Alors que le soleil du début de l’été se couchait derrière les pins de Caroline avant le deuxième match de la finale de la Coupe Stanley entre les Hurricanes de la Caroline et les Golden Knights de Vegas, l’atmosphère autour du Lenovo Center s’est transformée.

Ce qui, une heure plus tôt, ressemblait à un barbecue dans la cour est devenu quelque chose de plus bruyant, plus serré, électrique. Les chants circulaient dans la salle et débordaient par les portes de l’arène. Les serviettes de rallye couvrent presque tous les sièges du bâtiment. Le bruit qui s’était accru depuis le début de l’après-midi atteignit son paroxysme.

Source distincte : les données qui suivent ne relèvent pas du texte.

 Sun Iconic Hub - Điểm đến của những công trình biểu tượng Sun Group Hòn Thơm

Dehors, des milliers de fans qui ne pouvaient pas entrer se tenaient entassés en noir et rouge, les téléphones levés, les voix déjà crues du premier match. Puis, pendant la majeure partie de la nuit, ils étaient restés à terre. Vegas détenait une avance de deux buts jusqu’à la troisième période, et le public extérieur était resté silencieux.

Logan Stankoven a ensuite marqué.

Mark Jankowski a marqué deux minutes plus tard.

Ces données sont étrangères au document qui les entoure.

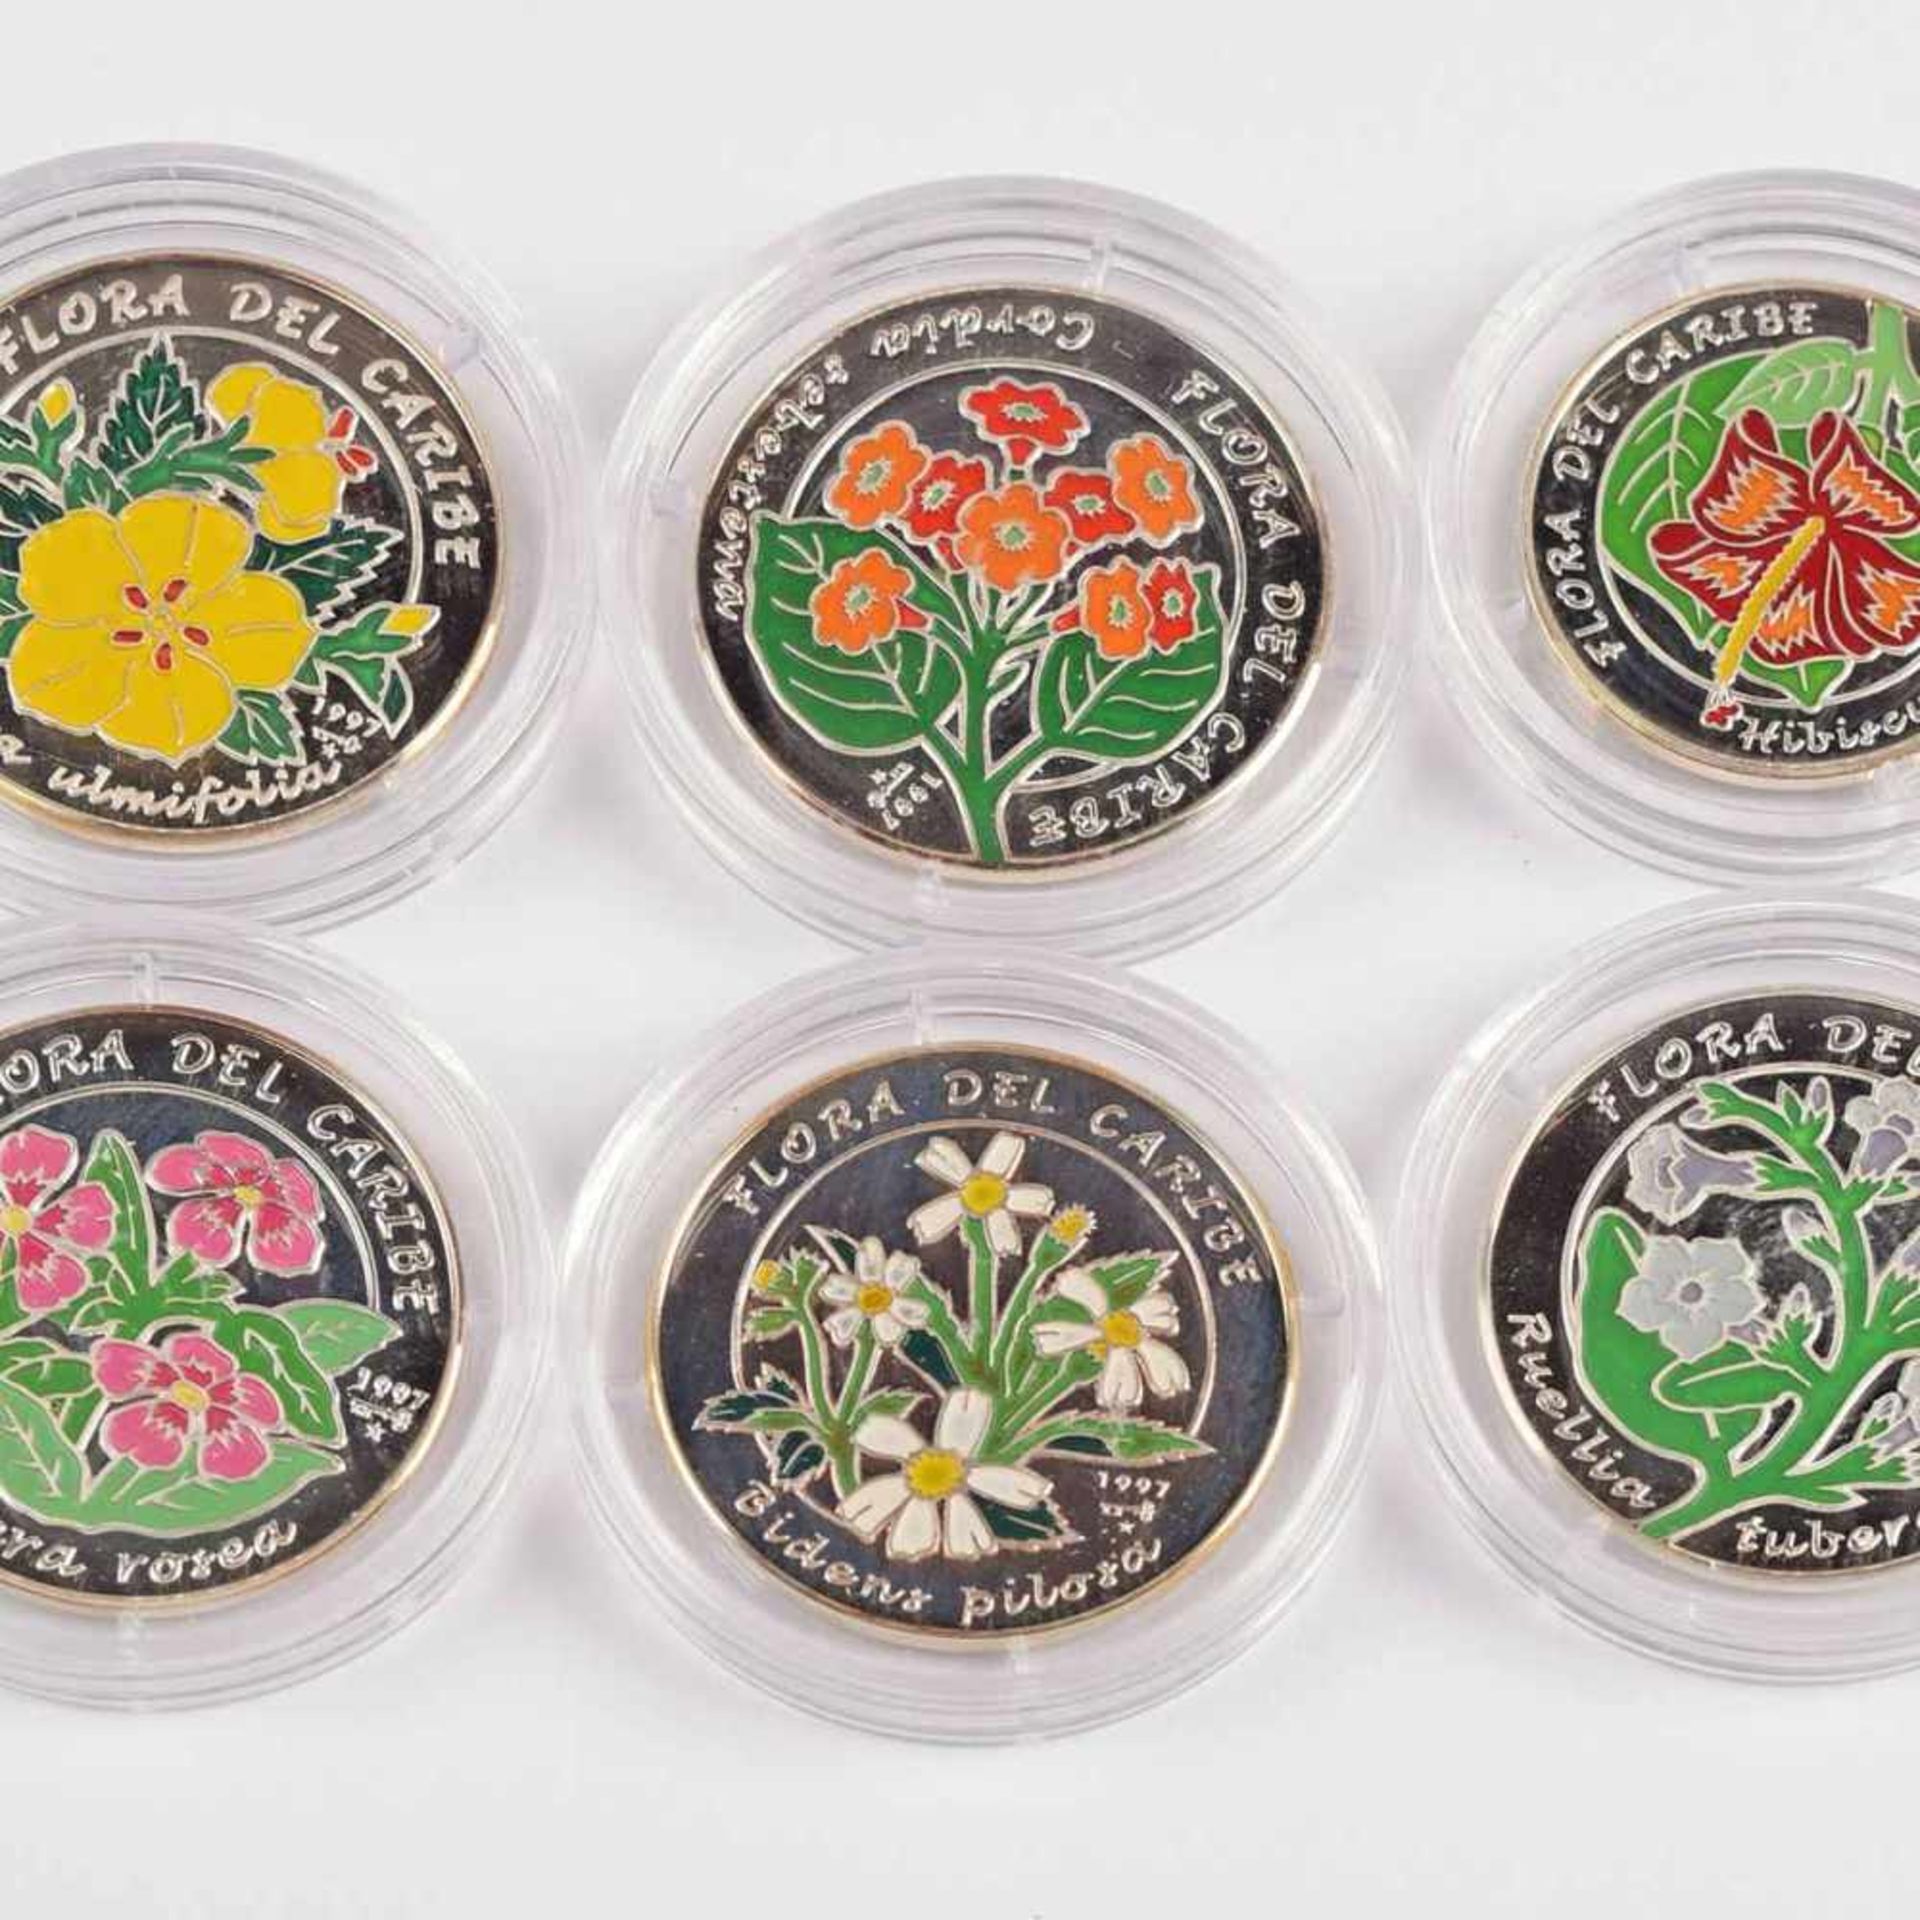 Konvolut Feinsilbermünzen Kuba insg. 7 verschiedene Feinsilber-Farbmünzen, aus der Serie "Flora

Lorsque Seth Jarvis a enterré le vainqueur de la prolongation et que le klaxon de but a résonné dans toute la ville, la foule rassemblée devant le Lenovo Center a avalé le son et l’a envoyé encore plus fort.

Debout au milieu, dans une foule qui avait l’impression de retenir collectivement son souffle jusqu’à ce moment-là, je n’arrêtais pas de penser à une franchise située à 1 300 milles au nord-ouest qui ne peut toujours pas rassembler une nuit comme celle-ci.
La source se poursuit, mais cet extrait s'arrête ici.